Nanotechnology could/will greatly improve brain-imaging resolution, in ways that I have a hard time even imagining. And we won’t even need to observe every neural connection to fully reverse-engineer the brain. We just need to sufficiently understand the basic patterns of each region, which according to Kurzweil will be possible by the 2020s. Time is ticking.

I know a lot of my peers are hesitant to embrace the idea of nanobots in our brains. I hear it, I get it, I respect it. There is a lot at stake as we move forward through the era of biotechnology and into nanotechnology.

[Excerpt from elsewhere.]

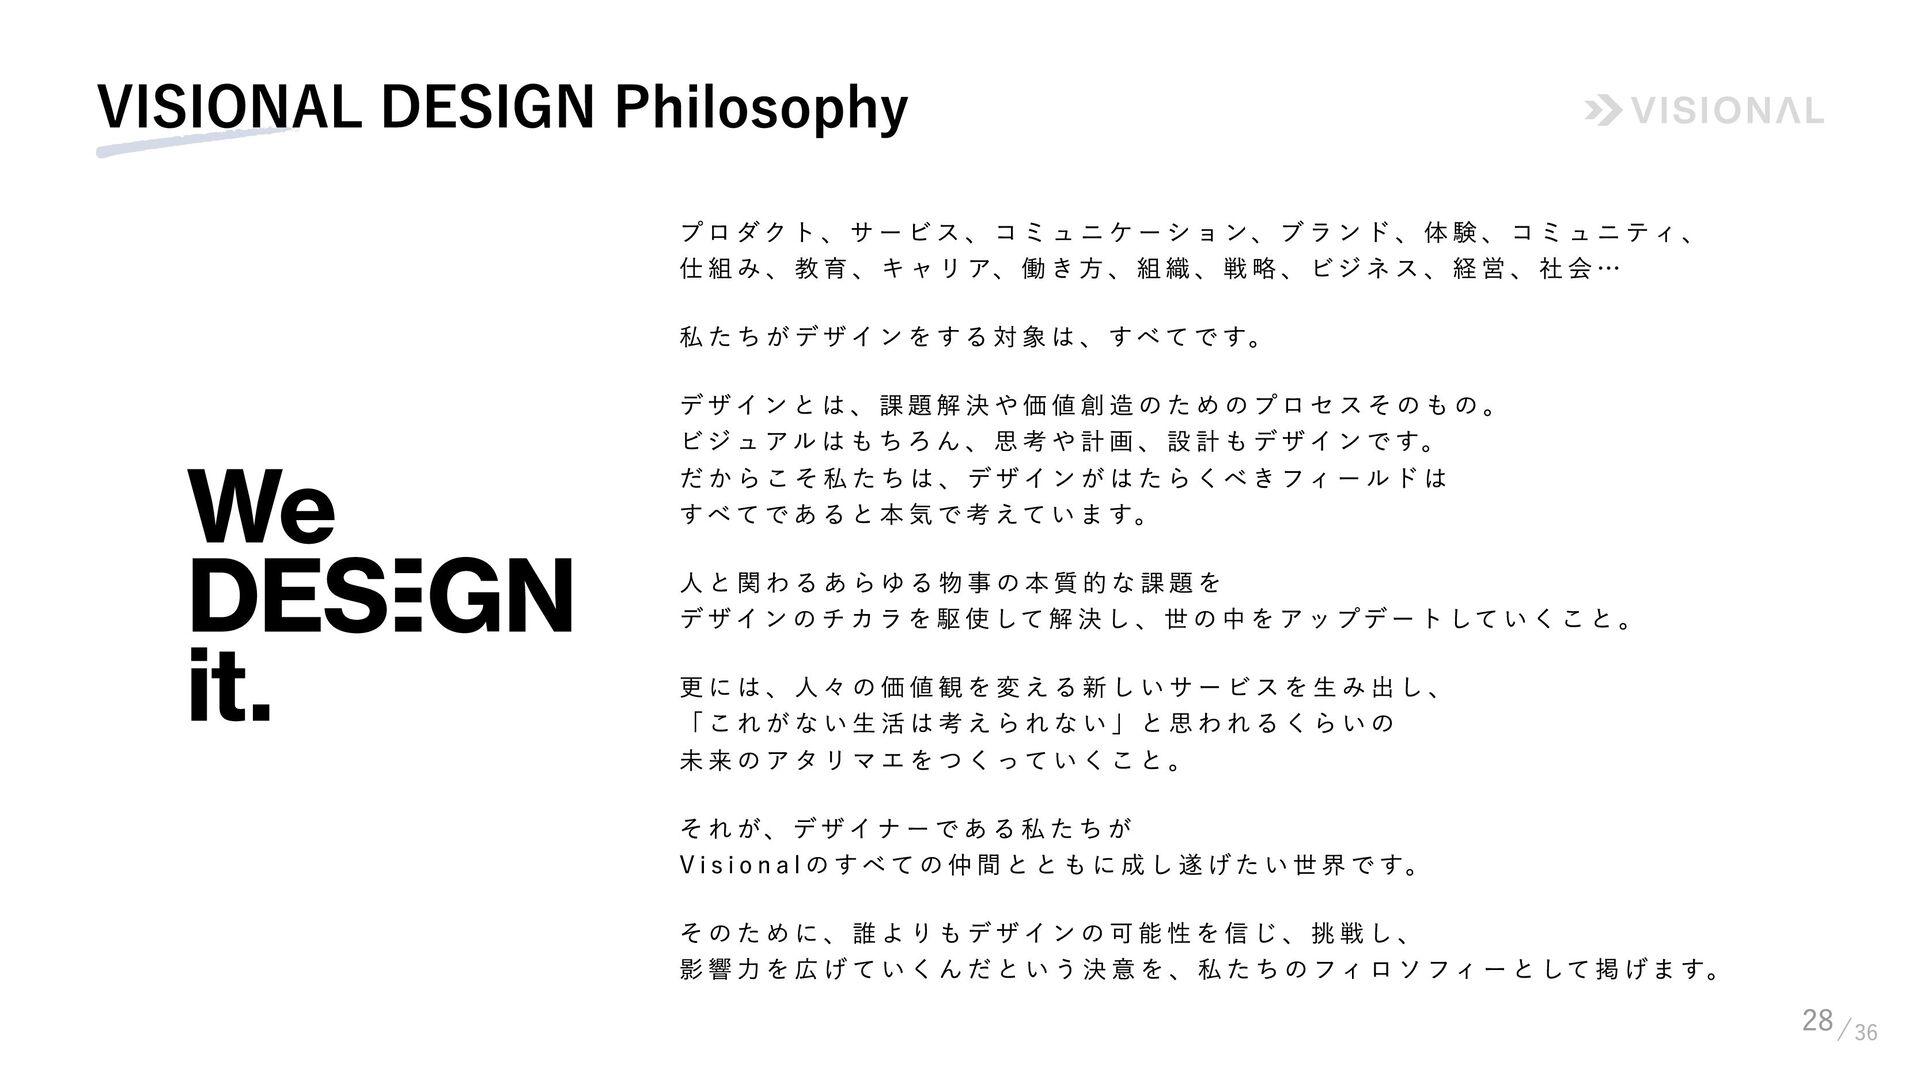 28 武 穂波 Honami Take  プロダクトデザイン室 UIデザイナー、UXデザイナー...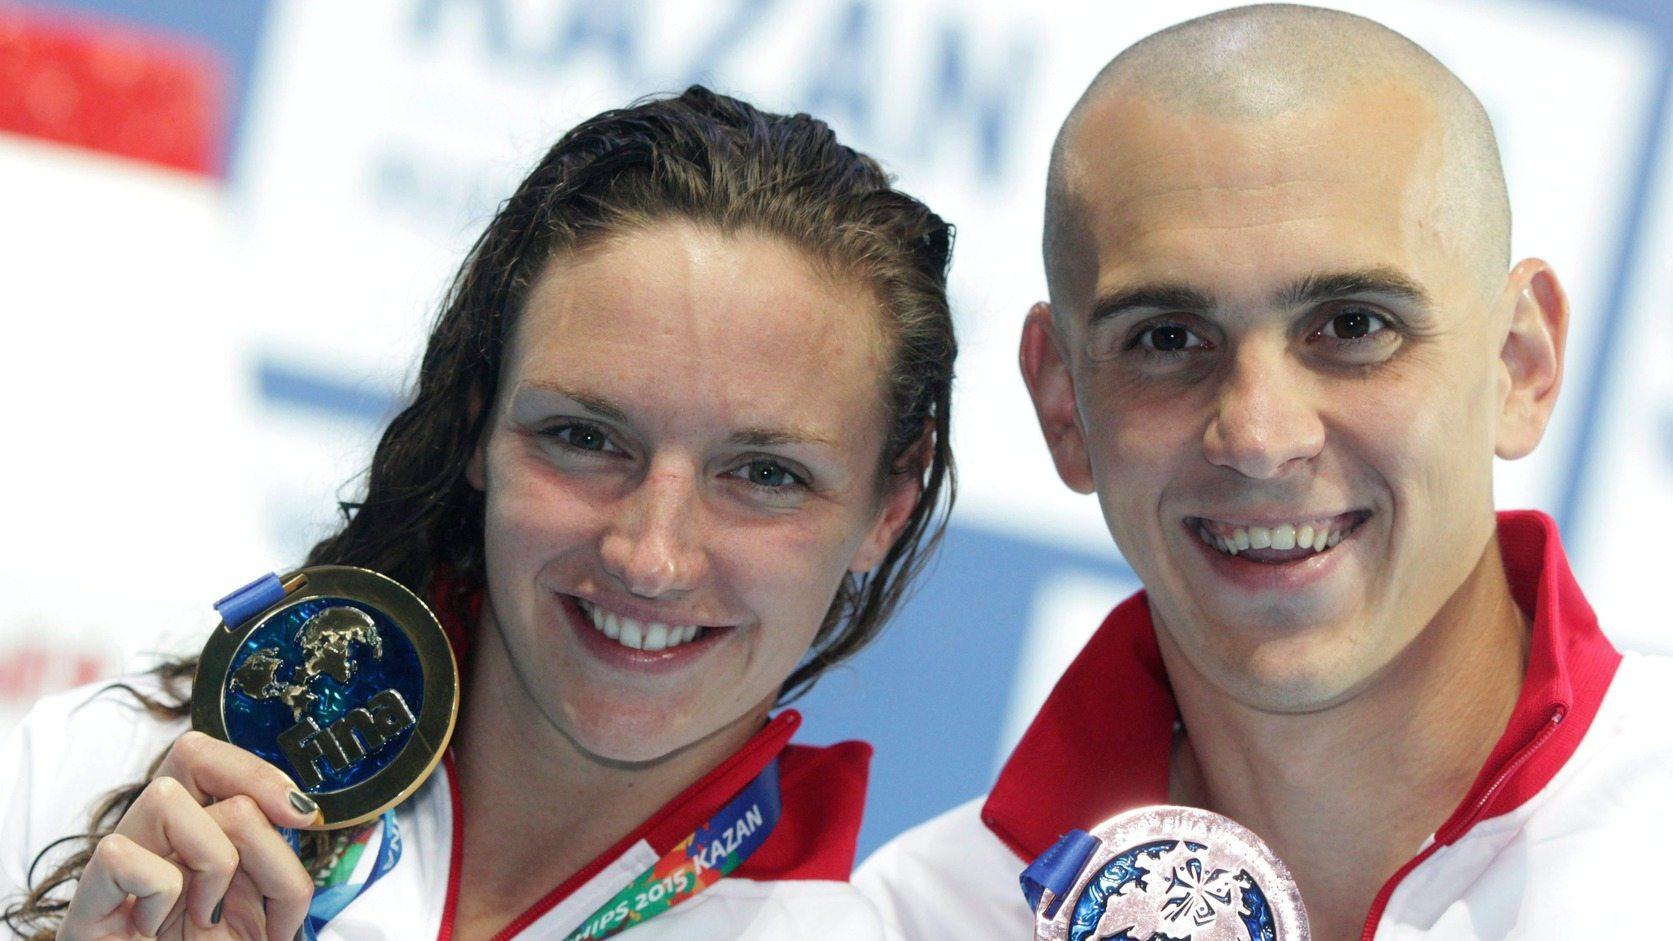 A győztes Hosszú Katinka mutatja aranyérmét a 200 méteres vegyesúszás eredményhirdetése után, mellette Cseh László, az 50 méteres pillangóúszás bronzérmese a kazanyi vizes világbajnokságon. MTI Fotó: Kovács Anikó

Here’s my question: is it better to spend time fearing and half-heartedly preventing the progress of nanobots in our brain, or is it better to dedicate our efforts to ending diseases such as Alzheimer’s or cancer? We have the power and the opportunity to say GOODBYE to neurological disease. Is this not the goal of mankind, to forever improve the human experience?

We have years, maybe even decades to decide what the moral and logistical limits are to improving human well-being. I gotta say though, advancements are moving fast, and before you know it, I think we will have accepted the natural gift that is technology, BECAUSE WE ALWAYS DO.

Will robots inherit the earth? Yes, but they will be our children.